■ Task item
Restate, exactly as written, the entries below from the line that holds "Taha Hussain - Ibtia - Album Cover [F]" through the line that holds "Canvas poster Star". Pictures are not part of the copy.

■ Exercise data
━━━━━━━━

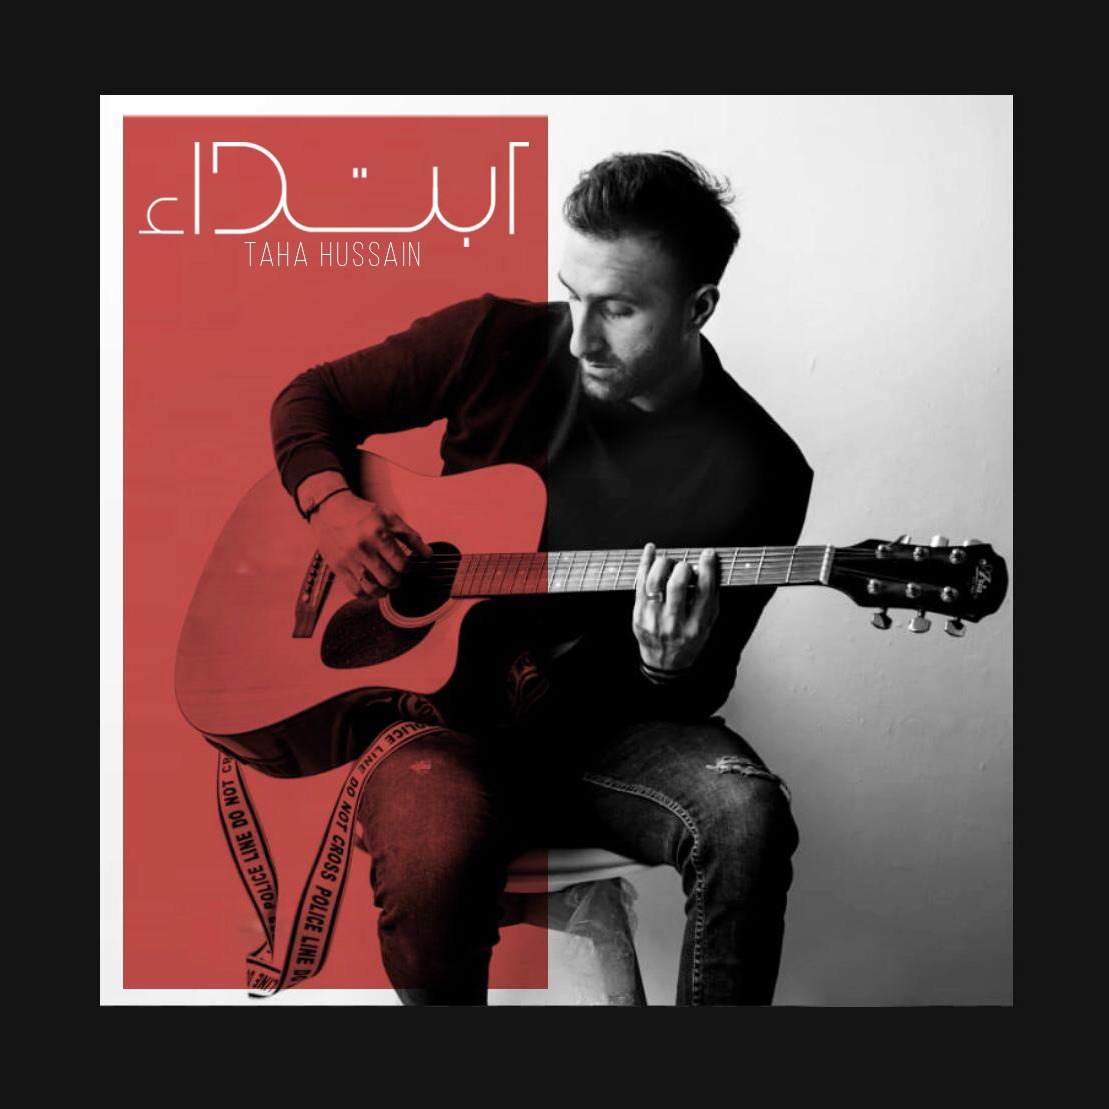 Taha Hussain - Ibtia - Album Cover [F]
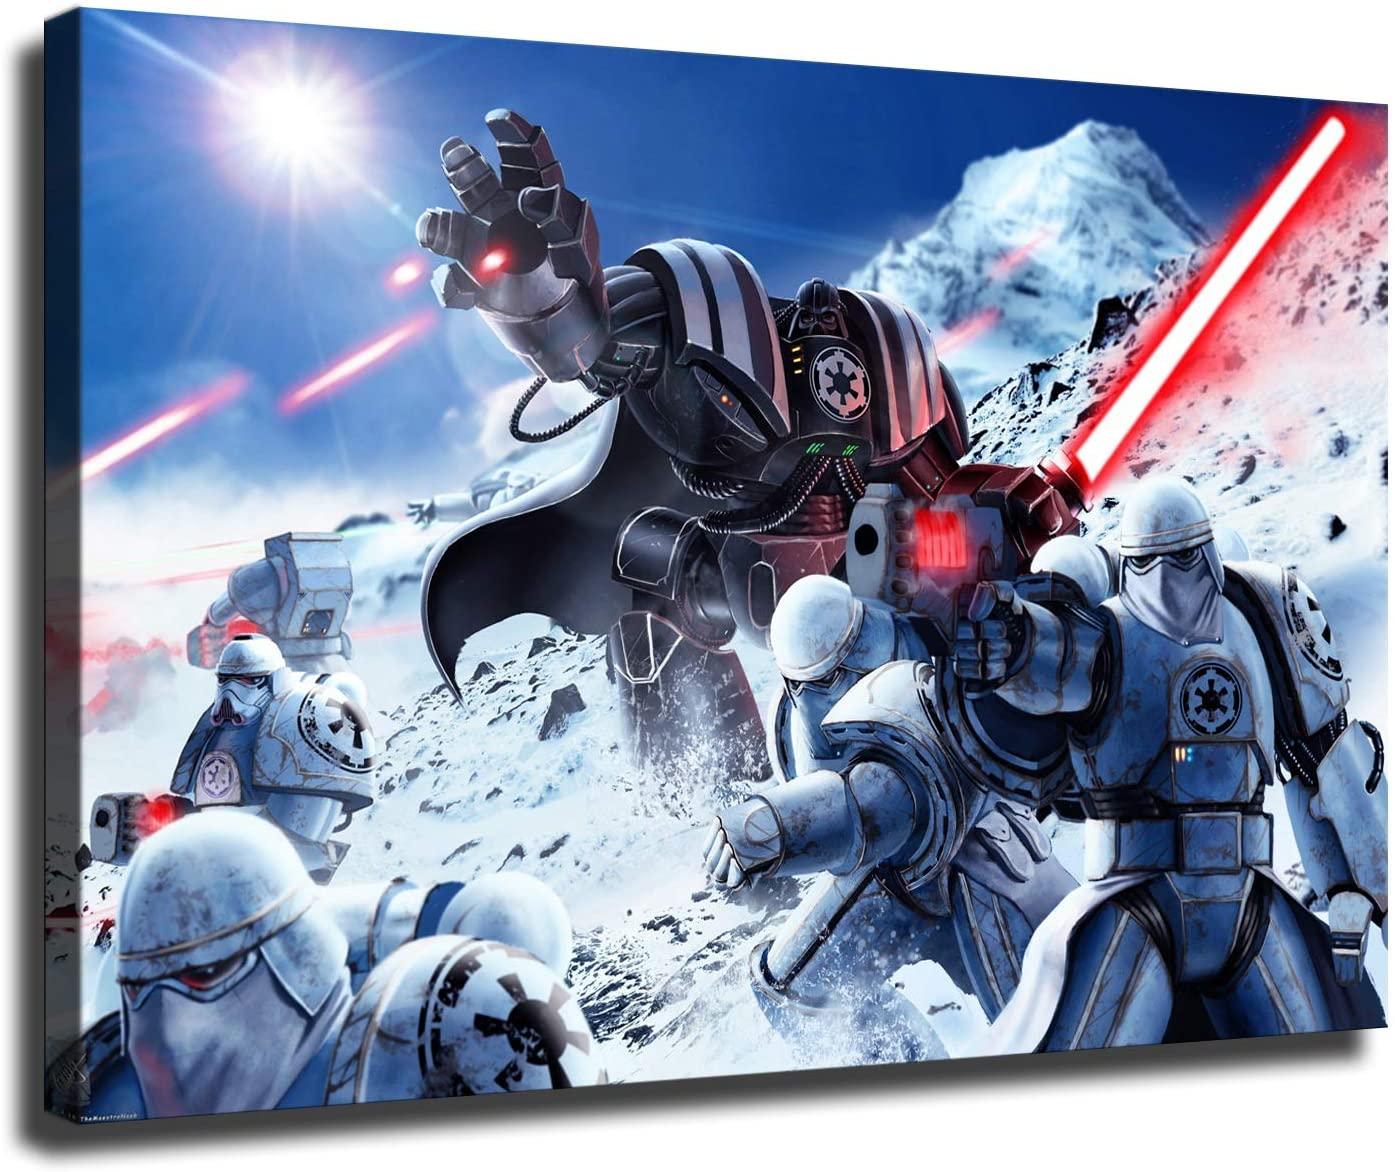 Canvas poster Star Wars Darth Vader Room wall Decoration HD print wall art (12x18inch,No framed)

━━━━━━━━

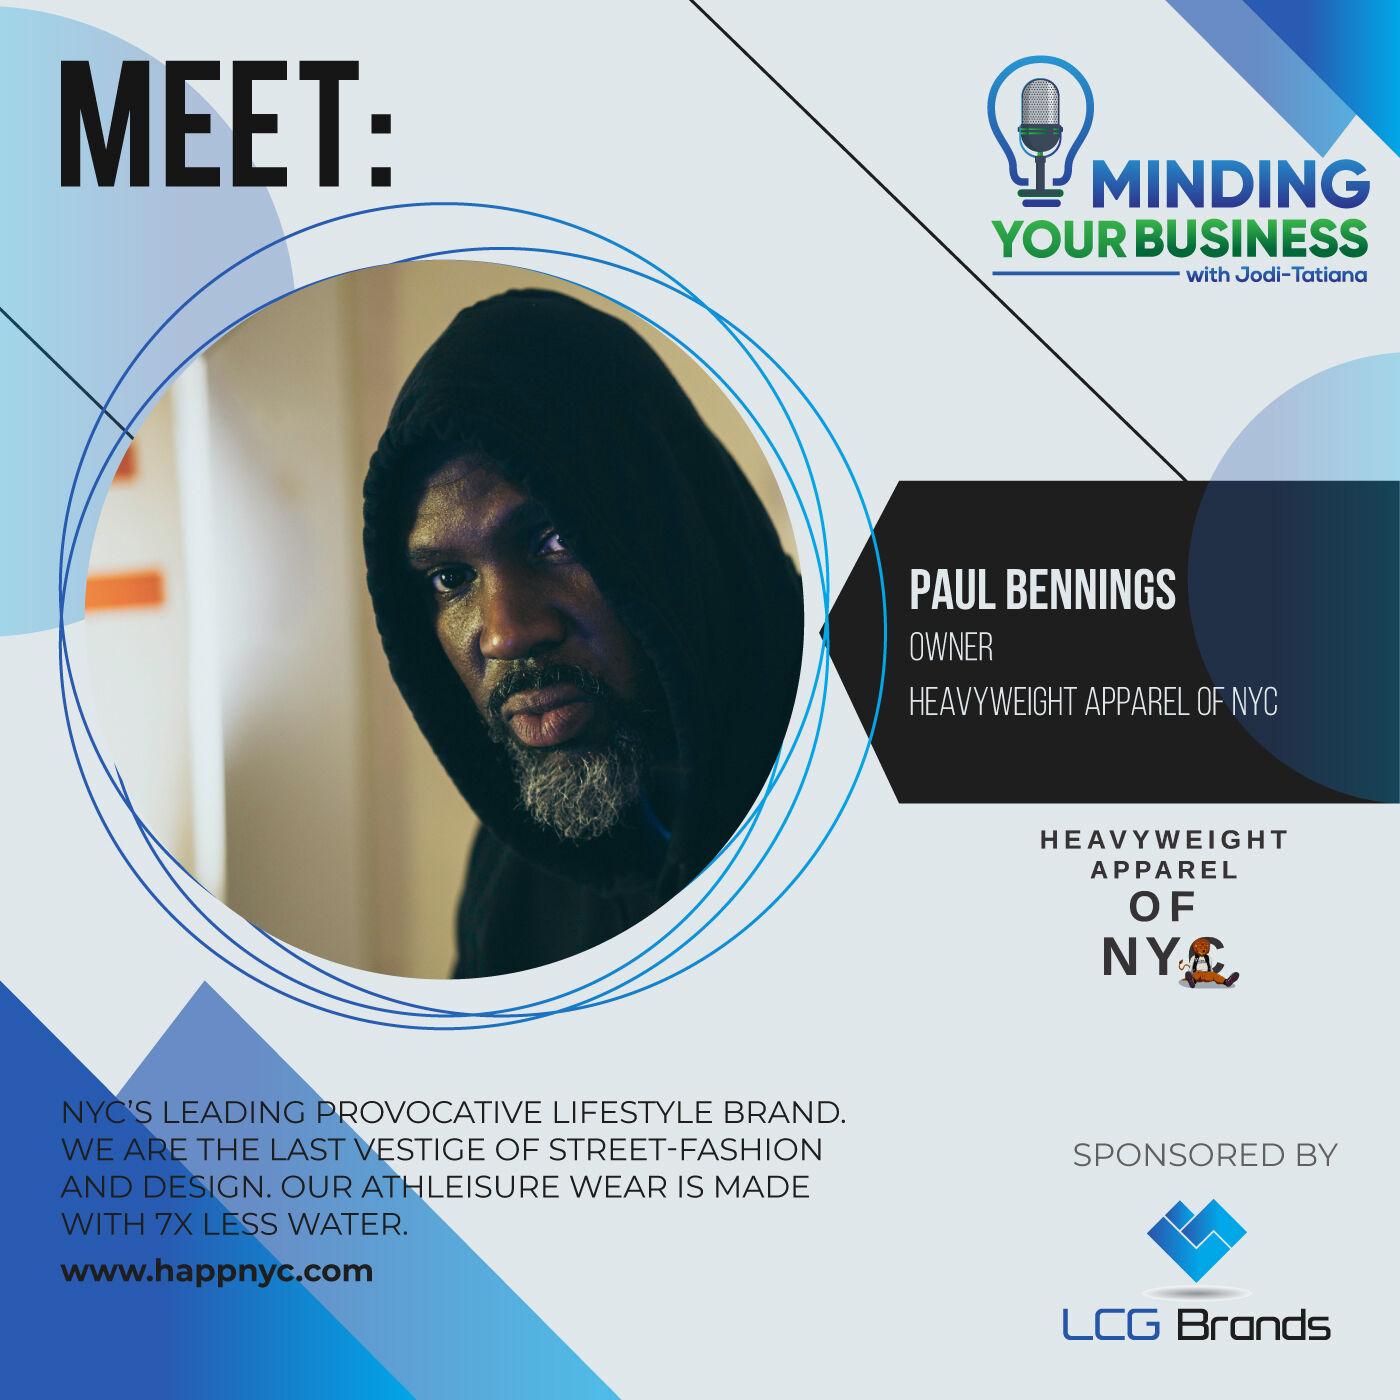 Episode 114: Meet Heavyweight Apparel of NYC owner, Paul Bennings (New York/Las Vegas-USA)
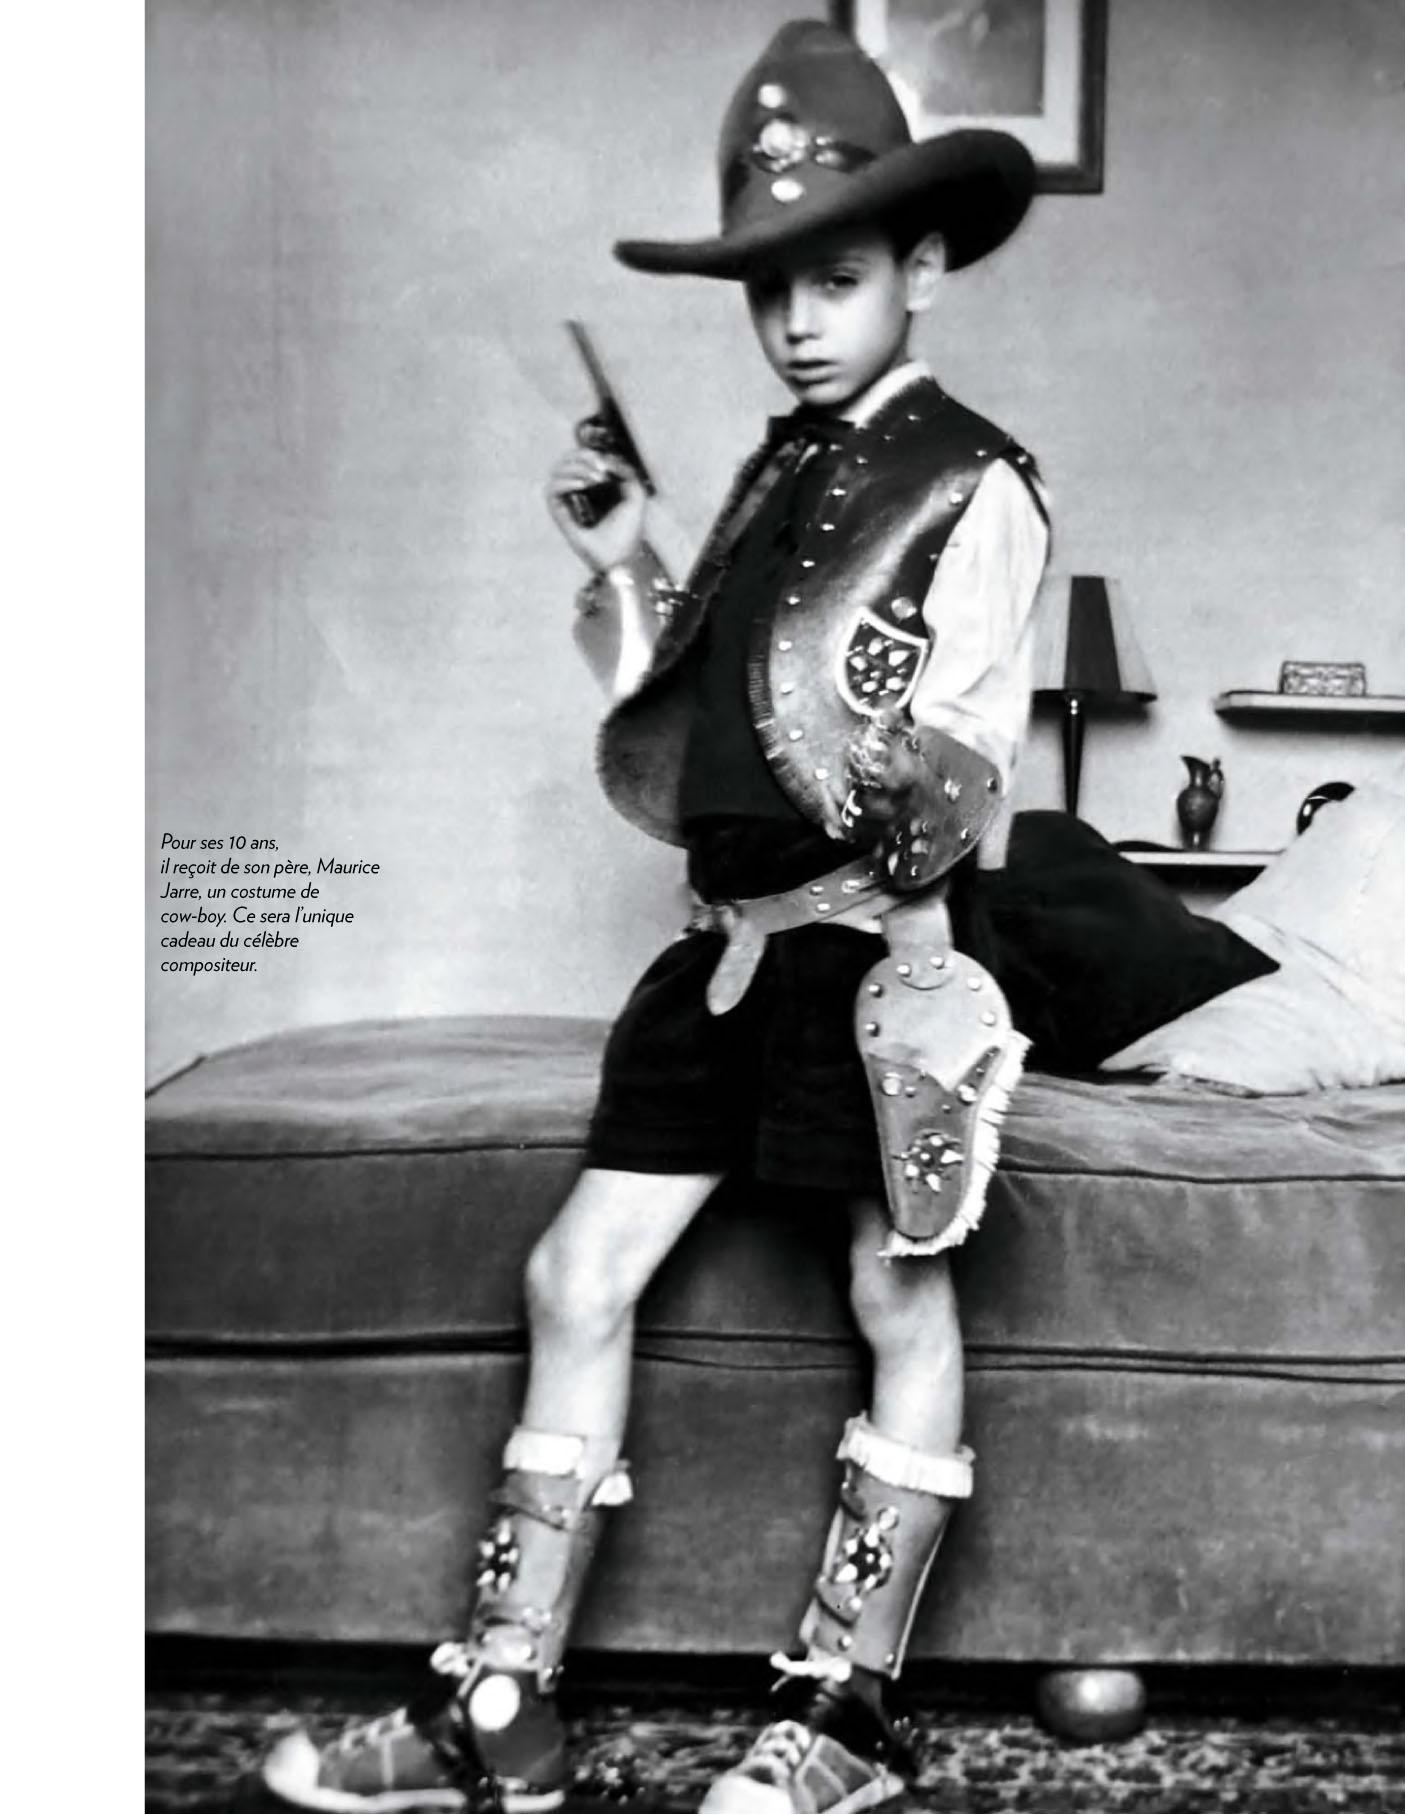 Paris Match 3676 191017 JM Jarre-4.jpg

━━━━━━━━

■ Expected answer
 Taha Hussain - Ibtia - Album Cover [F]
 Canvas poster Star Wars Darth Vader Room wall Decoration HD print wall art (12x18inch,No framed)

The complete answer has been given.